Di-san junyi daxue xuebao (Mar 2022)
Clinical features and outcomes of IVF-ET cycles between GnRH antagonist and GnRH agonist long protocol in normal responders: a comparison of 266 cases
Abstract
Objective To analyze and compare the clinical features and outcomes of in vitro fertilization-embryo transfer (IVF-ET) cycles in normal responders using gonadotrophin (Gn) releasing hormone (GnRH) antagonist or GnRH agonist long protocol. Methods The clinical data of patients who received IVF treatment and had normal ovarian response to GnRH antagonist or GnRH agonist long protocol in our reproductive center from January 2017 to March 2019 were collected. According to the treatment protocol and the fresh embryo transplanted or not, these patients were divided into Group A (receiving GnRH antagonist, but no fresh embryo transplanted, n=128), Group B (GnRH antagonist, with fresh embryo transplanted, n=138), and Group C (GnRH agonist long protocol, with fresh embryo transplanted, n=720). Besides, the frozen embryo transfer (FET) cycles of Group A were analyzed, and served as Group D. The thickness of endometrium on luteal conversion day and outcome of Group D were compared with those of Group B and Group C. Results ① The duration and dosage of Gn were shorter and less in Group A and B than Group C, and statistical difference was seen in Gn duration (P < 0.05), and in Gn dosage only between Group A and C (P < 0.05). ②On HCG day, the serum estradiol (E2) level were lower in Group A and B than Group C (P < 0.05), the endometrium of Group C was the thickest, and the thickness of endometrium on luteal conversion day of Group D was lower than that on the HCG day of Group A, B and C, where the differences between Group A and B, and Group C and D were statistically significant (P < 0.05). ③ The number of oocytes obtained in Group A and B were less than that in Group C (P < 0.05), but there were no statistical difference in metaphase Ⅱ (MⅡ) oocyte rate, normal fertilization rate and high-quality embryo rate among Group A, B and C. ④ Biochemical pregnancy rate and clinical pregnancy rate had no statistical differences among Group B, C, and D (P < 0.05).
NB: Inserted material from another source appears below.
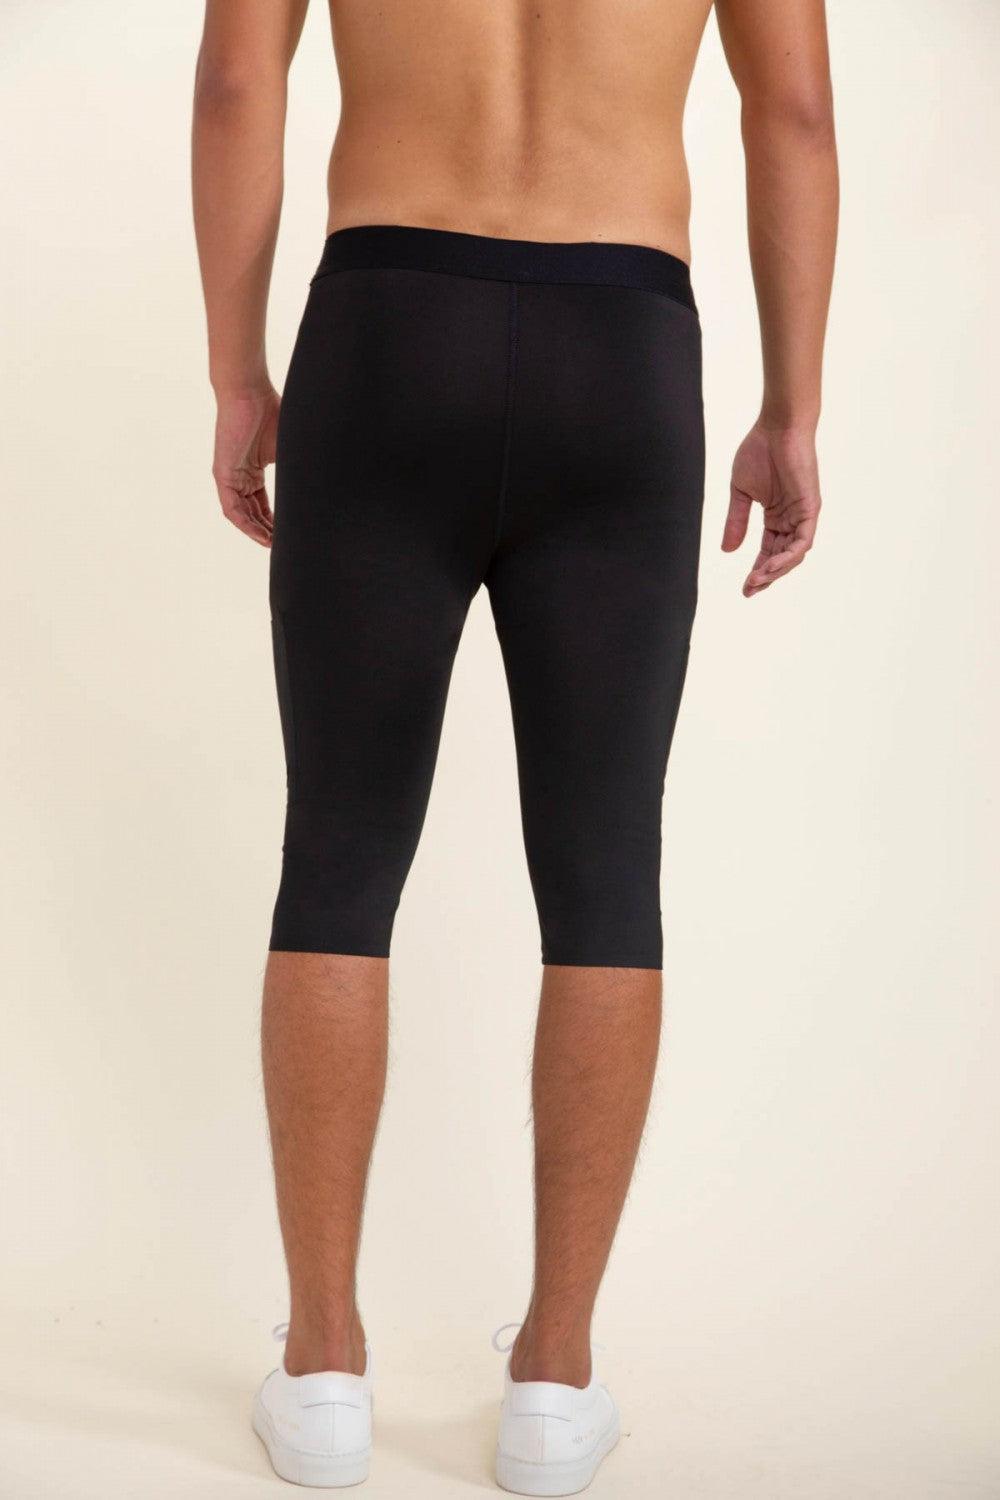 Mens Quick Dry Compression Sports Suit Set Long Johns, Long Leggings,  Compression T Shirt, And Sleeve Legging From Covde, $12.04
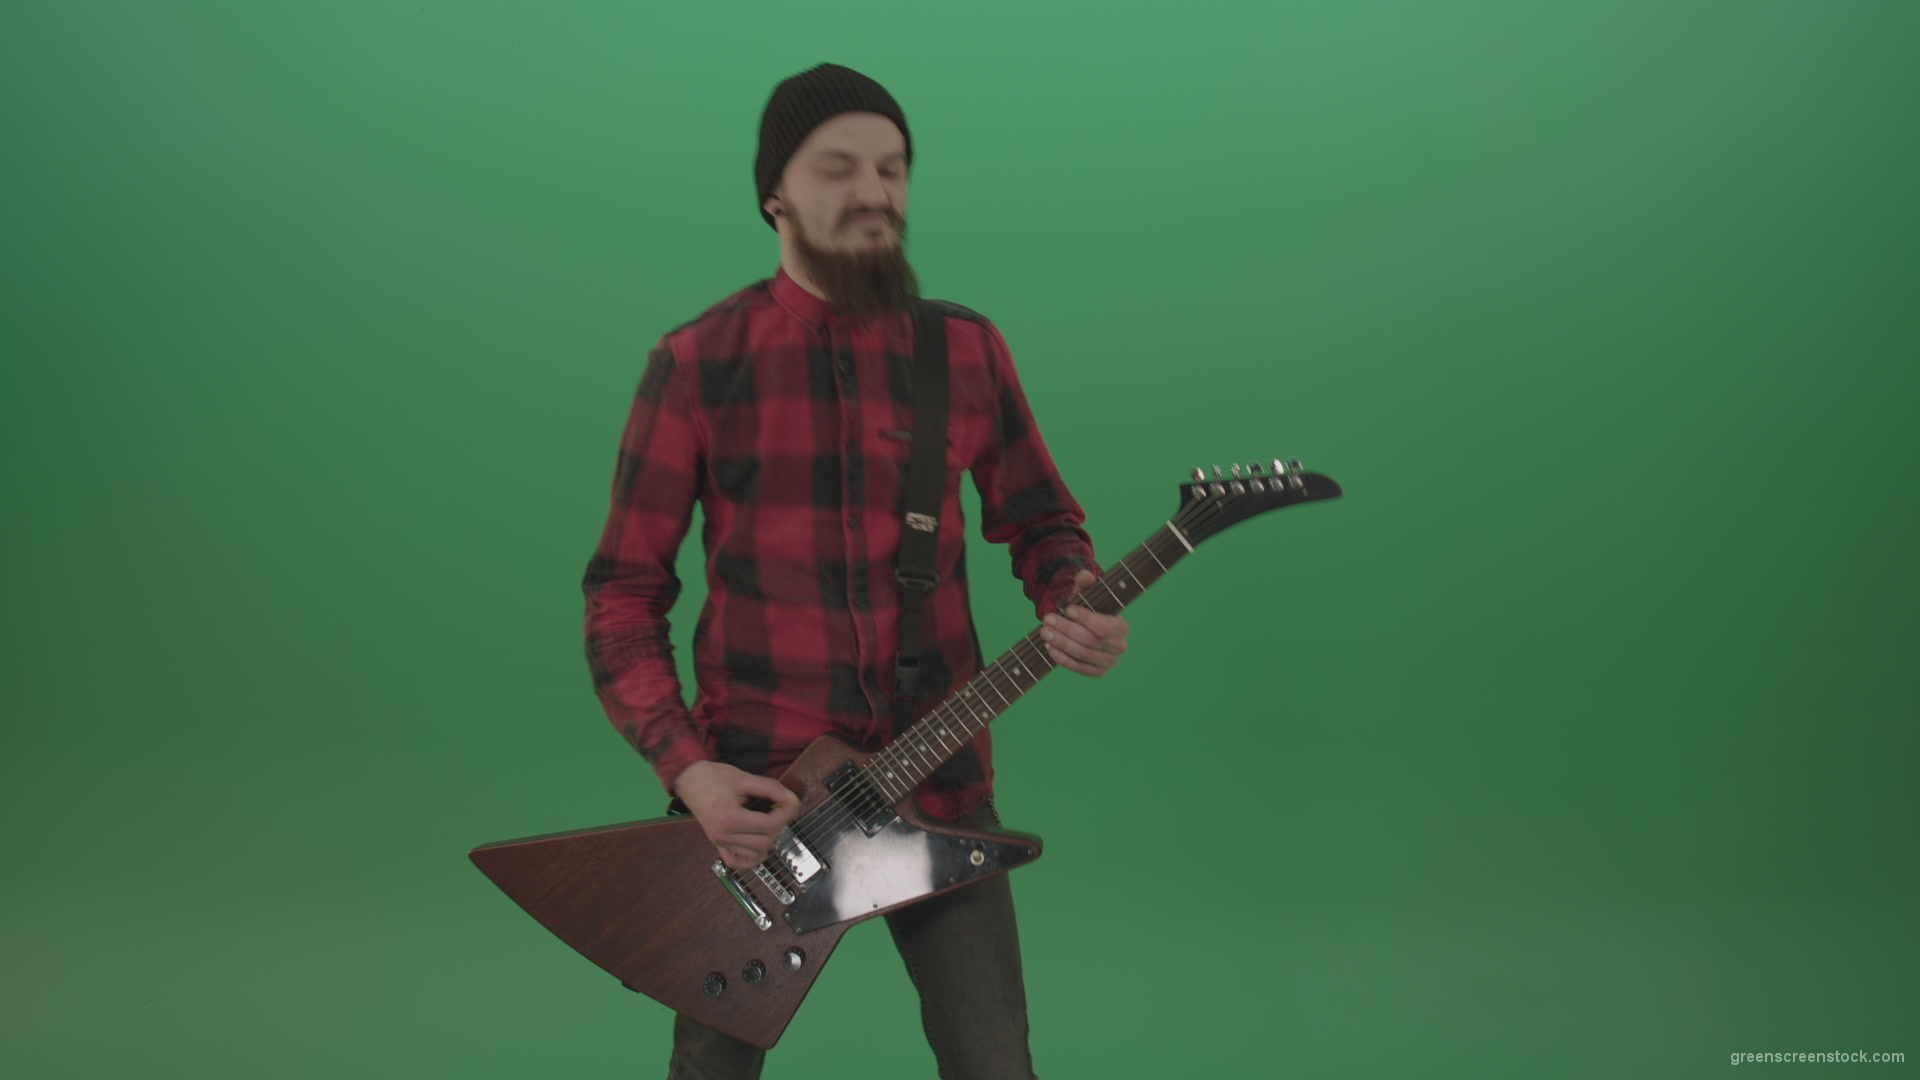 Old-man-with-beard-play-rock-guitar-isolated-on-green-screen-background-4K_001 Green Screen Stock

Group B had the lowest implantation rate but the highest miscarriage rate, and had obvious differences with Group C (P < 0.05). Conclusion GnRH antagonist protocol can obtain similar oocytes and embryos as the GnRH-a long protocol in normal response population. However, the antagonist may exert negative impact on endometrial receptivity and result in low pregnancy rate and high abortion rate.